The Role of Big Data in Avoiding the Banking Default in Algeria (The Possibility of Upgrading the Preventive Centers of the Bank of Algeria as a Source of Big Data)
MOHAMED ILIFI1 and HAMZA BELGHALEM2
This chapter aims to demonstrate the role of extensive data in providing the necessary information to the Algerian banks for the effective management of banking risks to achieve safety and security in the Algerian banking units and thus avoid banking stumbling. Stability and centralization of budgets created by the Algerian Bank as a large data source help Algerian banks detect banking risks and avoid banking stumbling. We have noted that these centers have all the huge data attributes, in terms of information volume, velocity, variety, and value, which helps Algerian banks to make better decisions based on the information resulting from the analysis of the huge data through these centers and thus effectively manage risk and avoid bank defaults.

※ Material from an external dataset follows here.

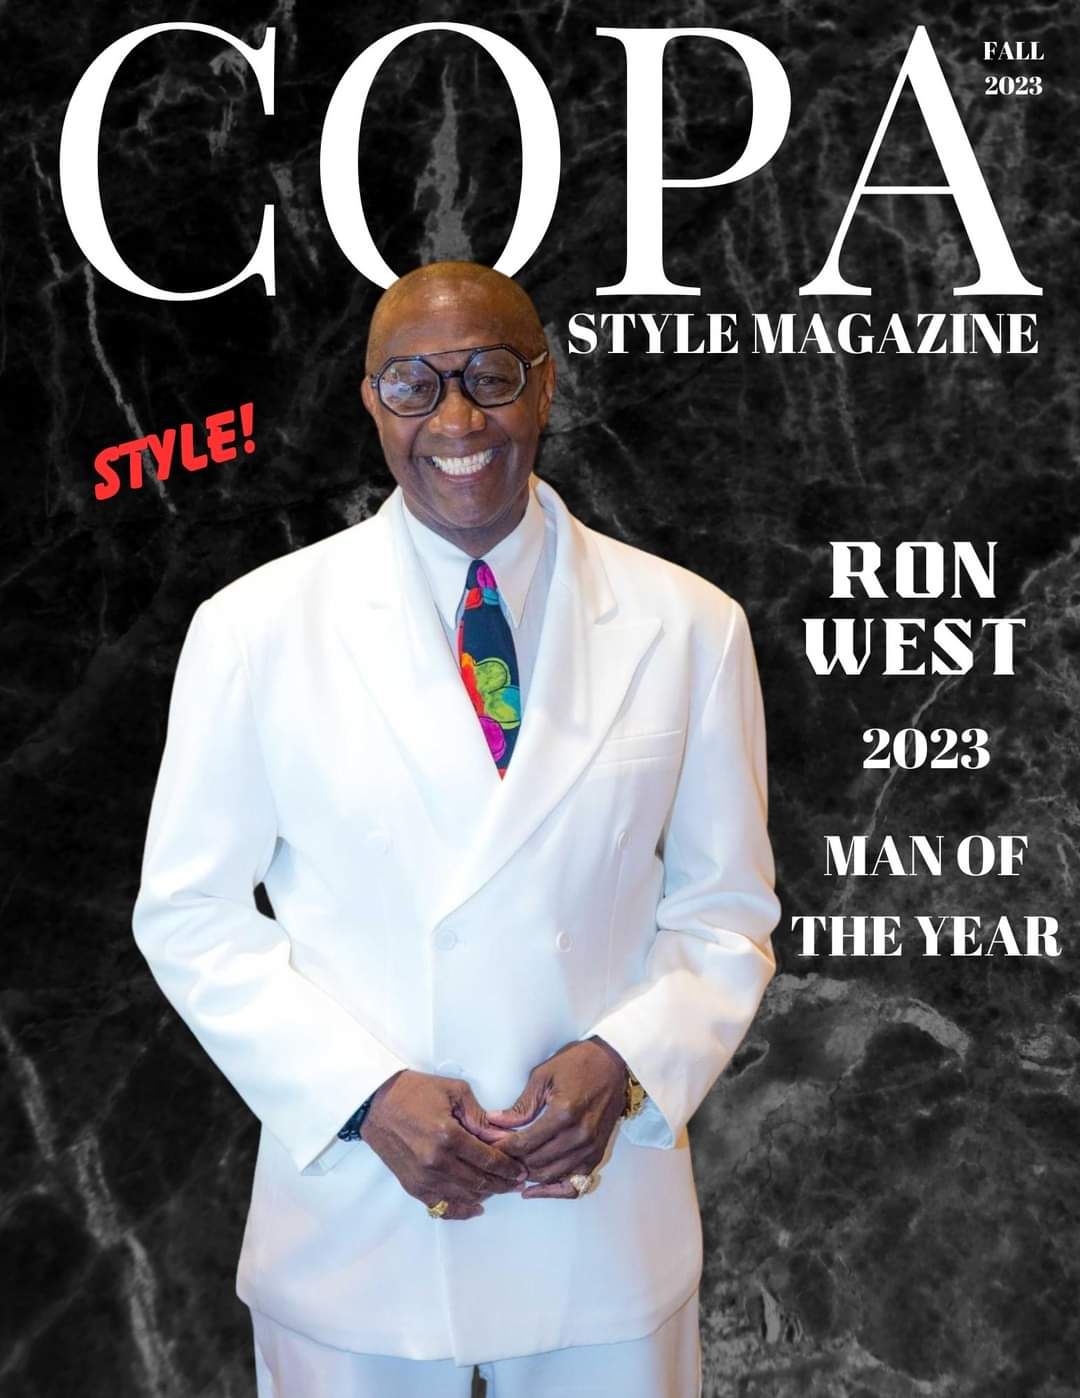 Ron West Celebration of "Man of the Year" Hosted by Copa Style Magazine

Due to the recent developments in the banking environment, the Algerian banking system has kept pace with its changes and introduced it into the competitive environment.
This has led to an increase in the severity of banking risks to this system, which led to attention to ways and methods that enable it to beat and overcome those risks. However, as banking risks intensified and diversified significantly, this made it difficult to count them due to the high sample size.
Dealing with this type changed the way the statisticians think or even the methods used in analyzing these data quickly and accurately. Furthermore, the enormous amount of data produced, processed, and made accessible to banking institutions has become a source of strength for the accurate and fastest possible identification of risks. Therefore, Algerian banks should adopt preventive centers to effectively store and analyze information, particularly after the issuance of monetary law, which helps banks avoid bank defaults.
To take note of the various aspects of this topic, we divided this chapter into three main themes:
- • Section 15.2: Theoretical framework for big data.
- • Section 15.3: Basic concepts of bank default.
- • Section 15.4: The role of preventive centers as a source of big data in avoiding the problem of banking default in Algeria.